Au début, votre idée était d'aller vous battre sur place ?

"Oui, car je considère que pour arrêter les chars qui remontent vers Kiev, à ce moment-là, il fallait être sur place. On pensait que ça serait très rapide, donc je n'y allais pas pour l'humanitaire".

Pourtant vous n'avez pas de formation militaire, vous avez dû acheter votre sac à dos avant de partir…

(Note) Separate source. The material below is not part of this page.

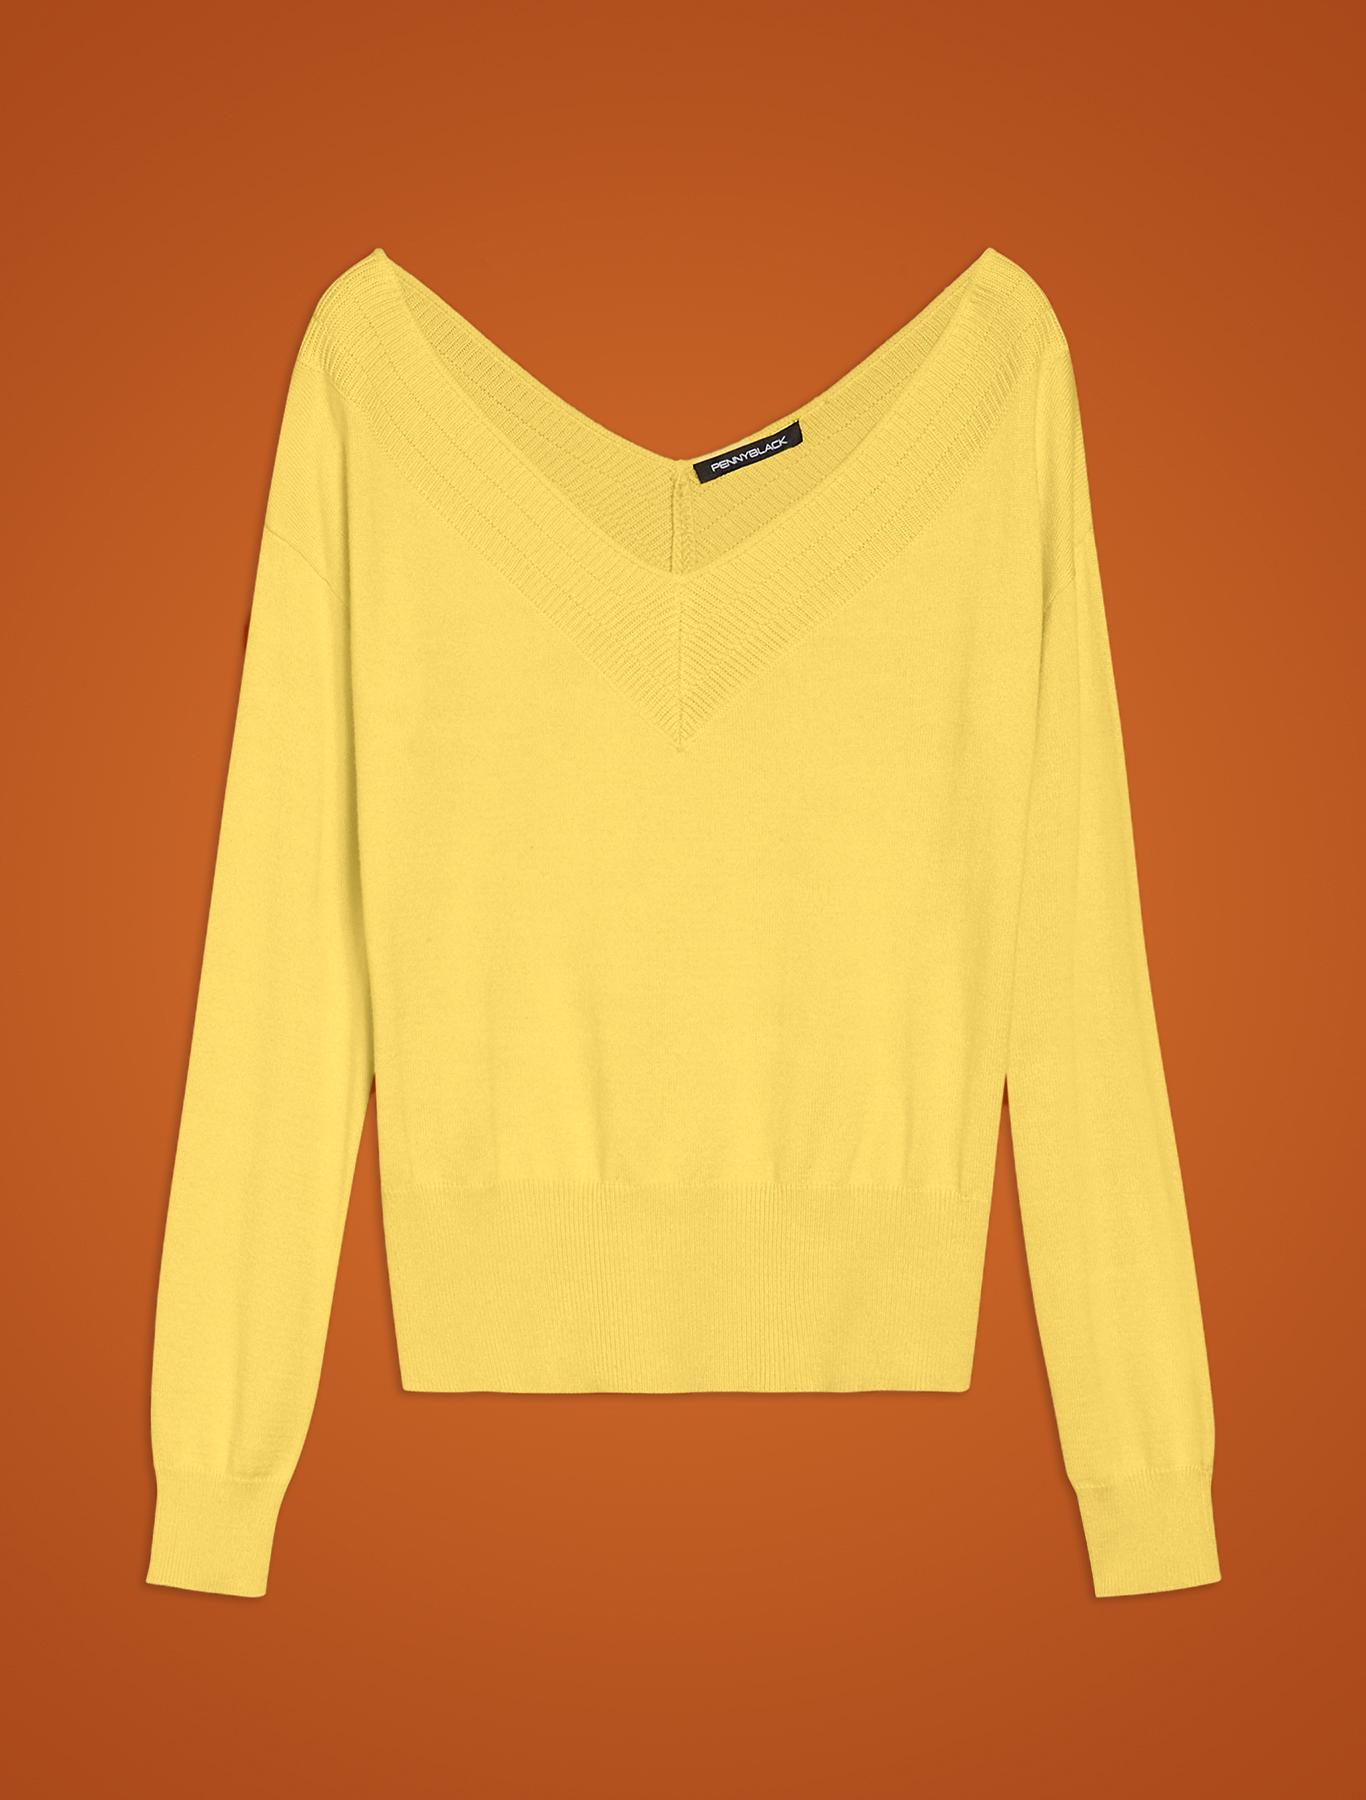 V neck jumper - lemon - pennyblack

"C'est idéaliste, je le revendique. Je considérais que des milliers de gens allaient faire comme moi, ça c'était naïf… On se sent ridicule. On improvise en permanence. A l'époque, ce n'était pas un pays en guerre, mais un pays en paix qui se réveillait en guerre".

Vous n'avez pas été front, mais vous êtes resté dans une base militaire, où vous vous êtes occupé notamment de la communication, et à la fin vous vous occupez du recrutement des volontaires.

"On est arrivé, avec Tom un ami lituanien aussi installé à Bruxelles, le 1er mars. La légion internationale n'existe pas encore, le président Zelensky a déjà fait un appel aux volontaires, mais sans avoir de structure d'accueil. Quand on se présente à Lviv, on nous oriente vers la première unité d'étrangers qui est présente. Et c'était la légion géorgienne, qui était présente depuis la guerre de 2014".

Qui était avec vous ?

"Beaucoup de gens comme moi. Des idéalistes. Mais aussi des gens paumés. Beaucoup de gens paumés. Et puis des vétérans de guerre américains, beaucoup d'anglo-saxons".

Vous aviez une expérience professionnelle dans les ressources humaines. Comment recrutiez-vous ?

"La première consigne, c'était d'écarter ceux qui faisaient de la propagande russe qui faisait de nous des néo-nazis. Il n'y avait pas de mercenaires, car on ne payait pas vraiment, quand on signait un contrat, c'était 160€ par mois. Il y avait des volontaires d'extrême-droite, c'est vrai. Je me pose la question : pourquoi n'y avait-il pas plus de gens de gauche ?".